API / IaC diff summary

  • New service detail fetchers (rich WAF/CAF surface, kept separate from the monitor card contract): monitoring.serialise_cluster_detail + list_aks_clusters_detail_in_subscription (AKS), monitoring.get_storage_account_detail (account props + blob-service props, best-effort second call), monitoring.get_acr_registry_detail.
  • New rule framework api/services/diagnostics/rules/specs.py — declarative RuleSpec + evaluate_specs (skip-on-None, predicate-exception isolation) so the ~50 single-field checks are compact and golden-testable.
  • New catalog api/services/diagnostics/rules/security.py (evaluate_security); reliability.py / availability.py extended with spec lists + custom multi-field checks (zones, pool isolation).
  • New category security registered in the engine (reuses the reliability gatherer; cache key includes category) and added to the DiagnosticCategory literal + the SPA diagnostics.ts type and the /diagnostics rail.
  • No IaC change.
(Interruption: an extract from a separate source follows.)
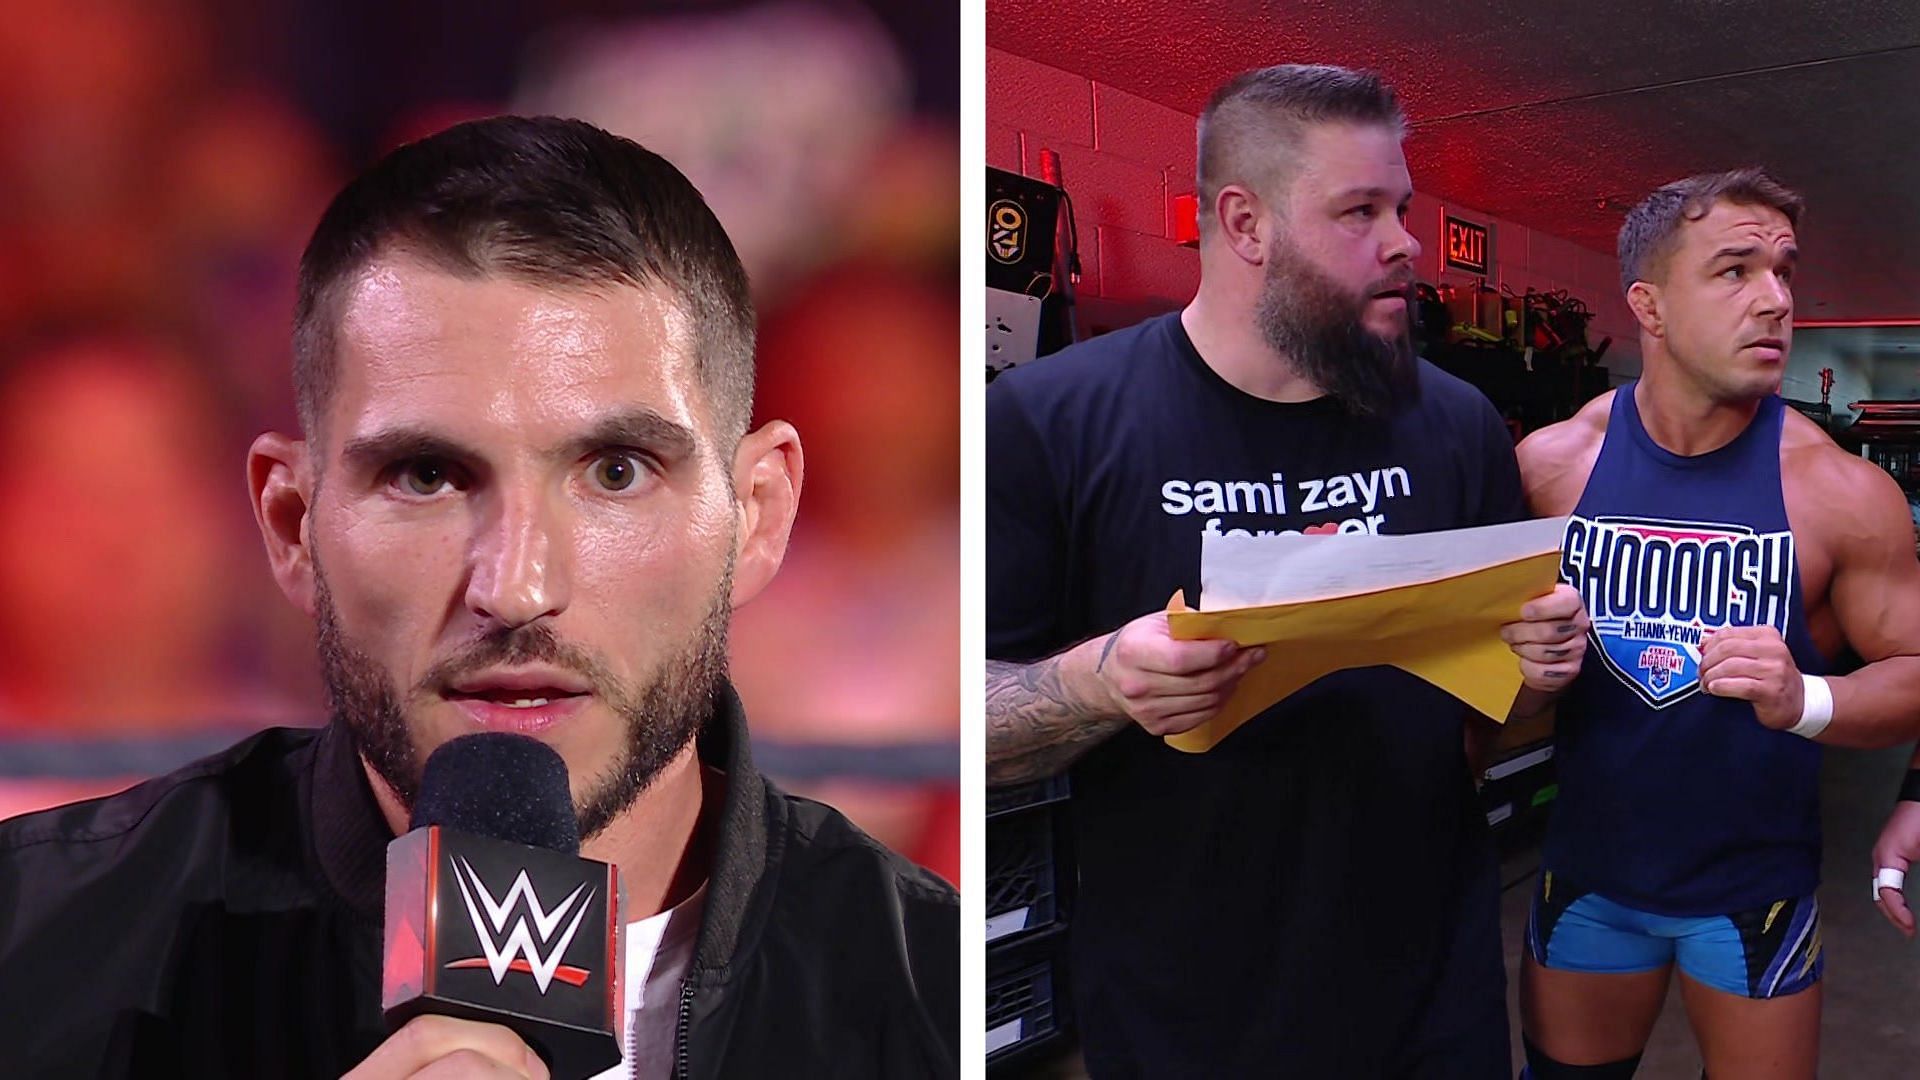 Johnny Gargano and Kevin Owens will take on Alpha Academy on WWE RAW

No new dependency. No SAS token, no Storage network flip, no Azure Run Command.

Persona impact (§12a)

  • Still read-only. Permission-denied → indeterminate, never critical; a subscription Reader sees "could not verify" per resource. test_persona_matrix.py unaffected (no scope narrowed, plain GET, no SSE change).

Validation evidence

  • Backend: uv run pytest -q api/tests2992 passed, 3 skipped. New/extended golden tests: test_diagnostics_rules.py (reliability specs), test_diagnostics_availability_rules.py (perf-config specs), test_diagnostics_security_rules.py (security catalog + spec framework + predicate-exception isolation), test_diagnostics_route.py (detail-fetcher mocks), test_diagnostics_snapshot.py.
  • Backend lint: uv run ruff check api → clean.
  • Frontend: npm run build clean; npx vitest run src/pages/diagnostics/ → 5 passed.
  • Rule count: grep -rhoE 'id="[a-z_]+\.[a-z_]+"' api/services/diagnostics/rules/ | sort -u | wc -l62.

Hardening applied (critique loop)

  • Partial-failure isolation in the spec evaluator: a predicate that raises on a malformed/unexpected field value is caught, logged at debug, and the spec is skipped — one bad field cannot abort the whole category (regression test added).
  • Sidecar-degraded → indeterminate (carried from the prior cut): a Redis-unavailable all-down snapshot is unavailable, not a false critical.
  • Storage blob-service props are a best-effort second call: failure leaves those fields None (checks skip), account-level checks still run.